Feeding Gulls in the park.

There are always some shipping movements near the park.

An interesting lifeboat launch system on the bulk car transporter.

Herring Gulls, All different ages.

There were a few Oystercatchers on the grass of the park as the tide was high. One was ringed. So I sent off the details and I hope I will get some information on this bird.
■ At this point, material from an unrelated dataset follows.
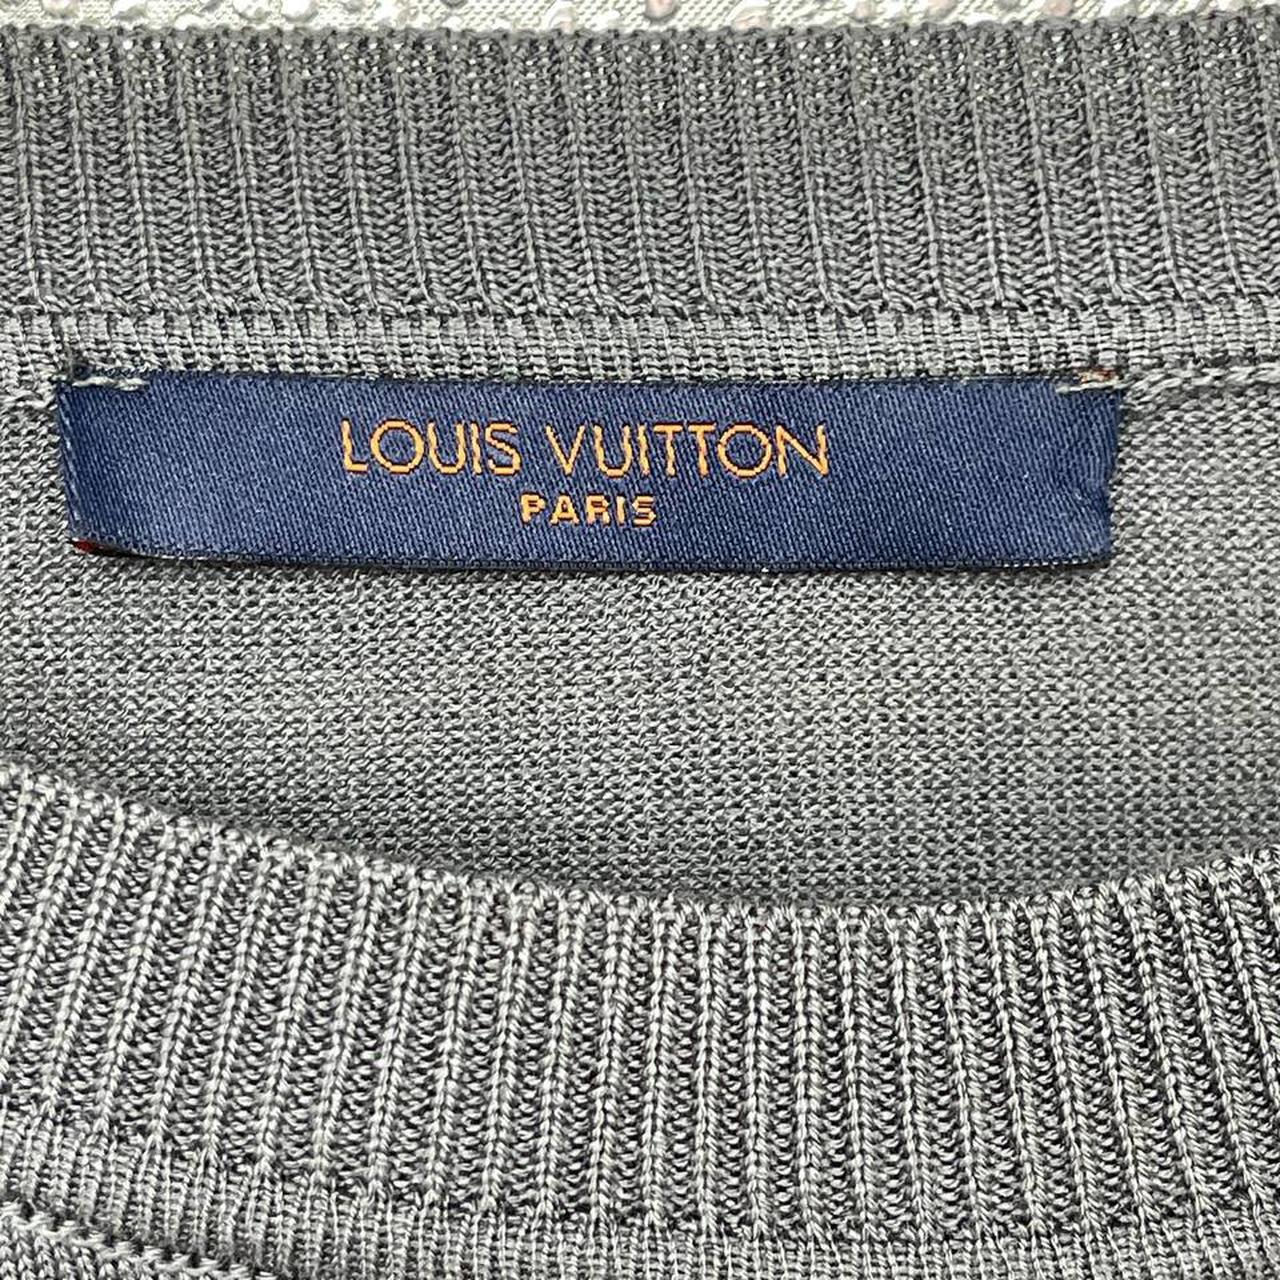 Louis Vuitton Hawaiian Tapestry Shirt XL #louisvuitton - Depop
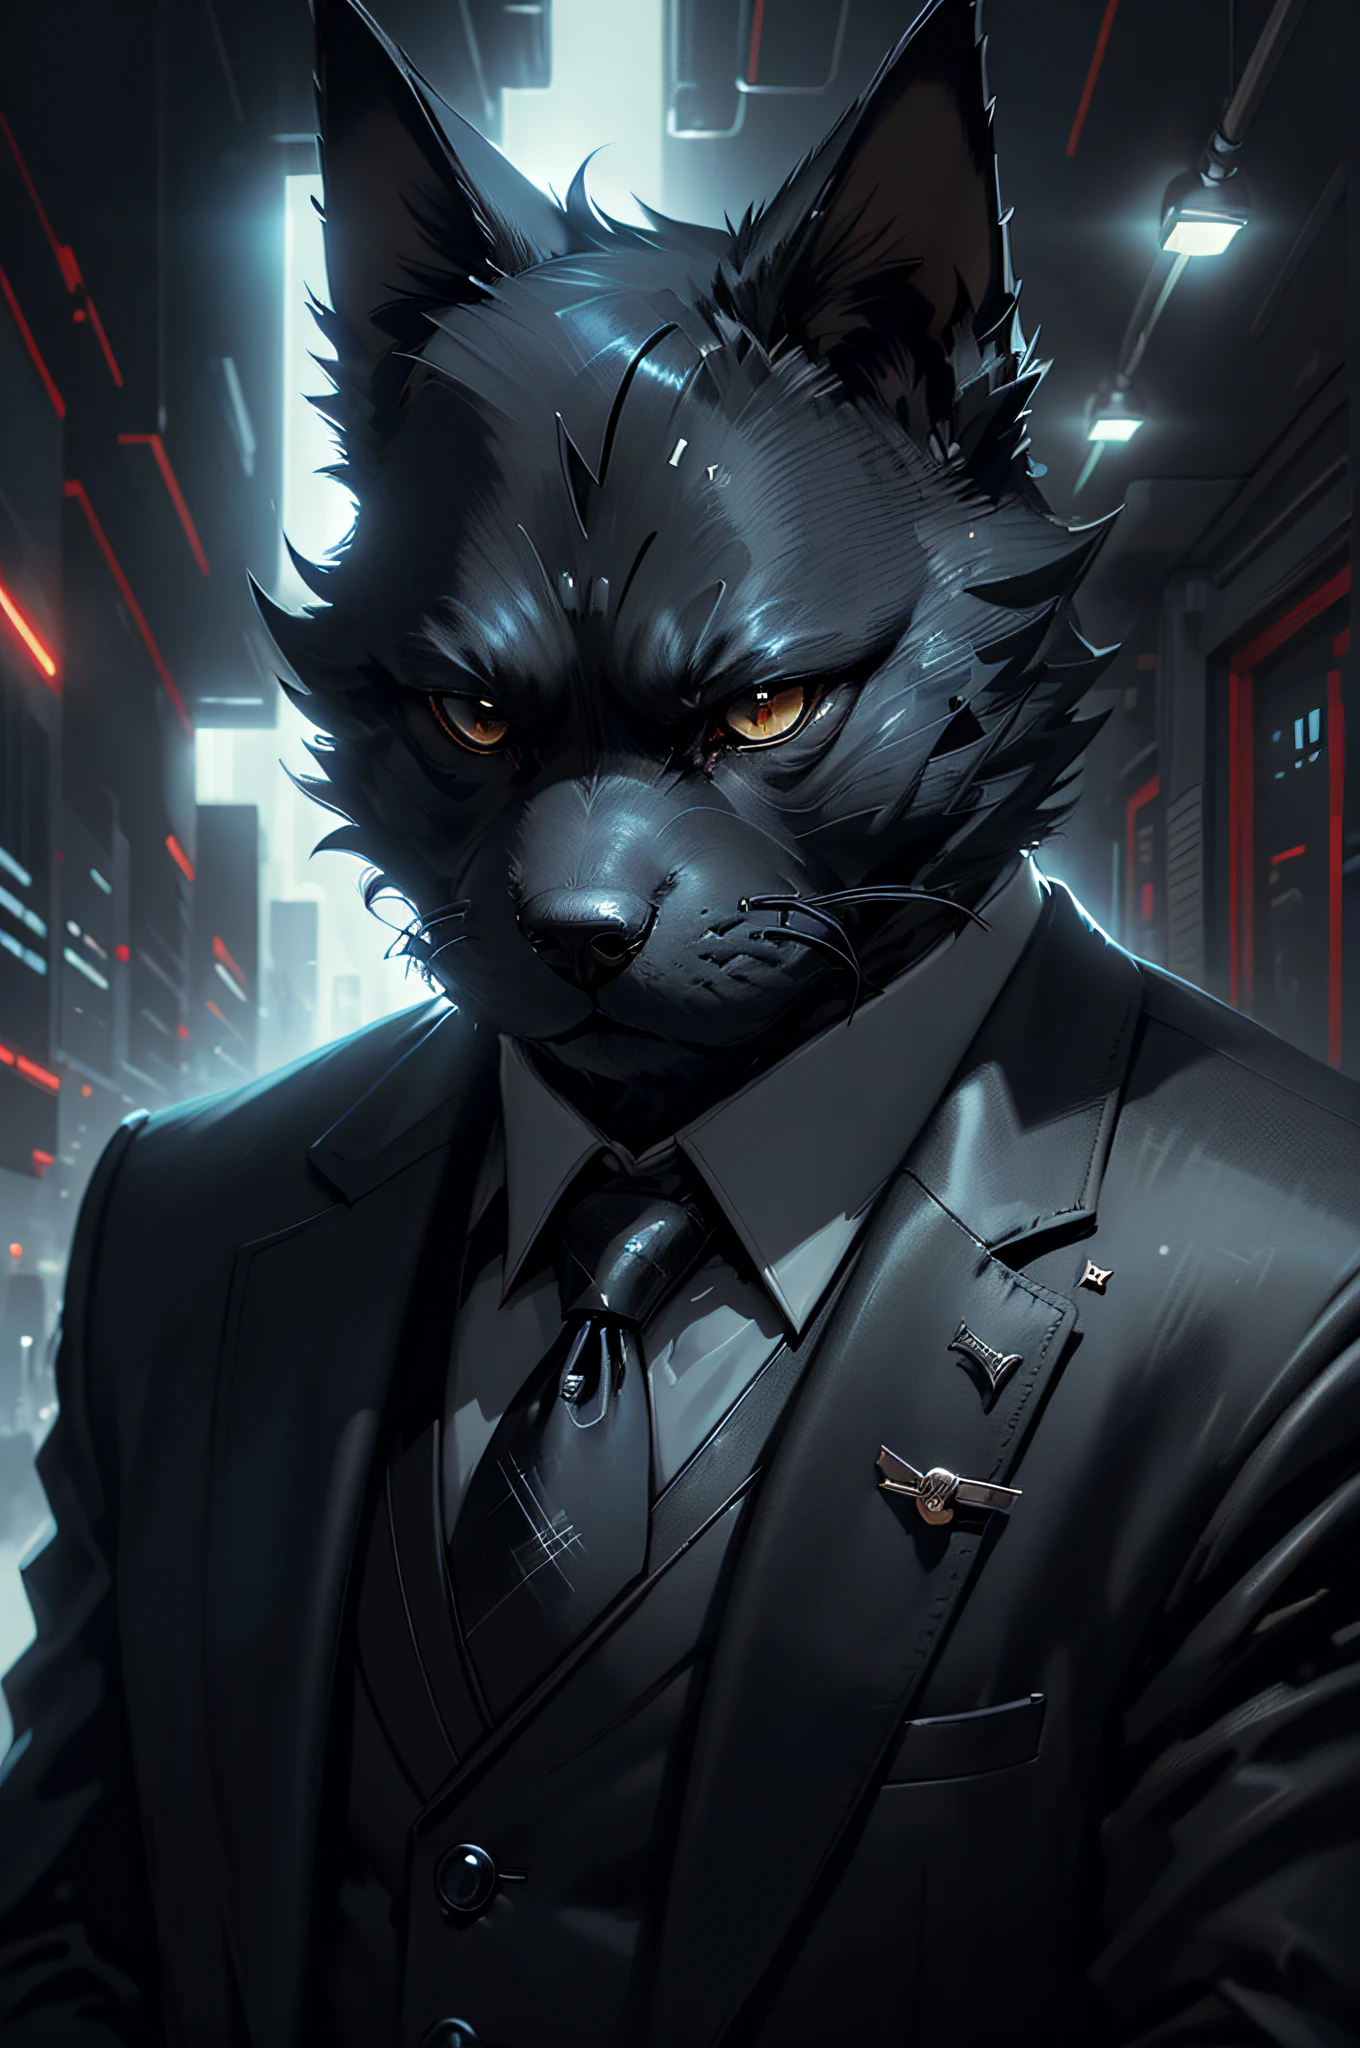 (Homme en costume noir et cravate)Bande dessinée、Chien terrier écossais anthropomorphe、cyberpunk

I will update my blog if I get any feedback.

Lepe Beach D-Day Relics.

Lepe Beach and country park has many relics that date back to WW2 and link it with D-Day and the invasion of France in June 1944.

One of many Mulberry Harbour construction and launching sites was constructed at Lepe 6 concrete Phoenix Caissons that were simultaneously built on these platforms from January 1944 so that they could be directly launched into the sea by May 1944. They were towed up Southampton water for finishing.

Mulberry harbours were temporary portable harbours following D-Day, two prefabricated harbours were taken in sections across the English Channel from the UK with the invading army and assembled off Omaha Beach (Mulberry “A”) and Gold Beach (Mulberry “B”).

Many Allied troops waited for D-Day in camps in the New Forest. Some of these embarked from Lepe, and others used embarkation sites to the east or west. The group of camps was known as Marshalling Area B. On the beach, at Lepe, there was room for four Landing Craft Tank (LCT).

Remains of the “Dolphins” part of the pierhead which was used to load landing crafts.

Large Bollards for tying up Landing craft.

Concrete blocks known as “chocolate Blocks ” were used to build a roadway over the beach for vehicles to load onto the landing craft without getting stuck on the soft sand and gravel.

Launch block blocks where the large caissons were winched into the sea.

Large contraction platforms where the caissons were constructed.

Monuments remembering D-Day and Poppy display in support of the Royal British Legion 2022 Poppy appeal.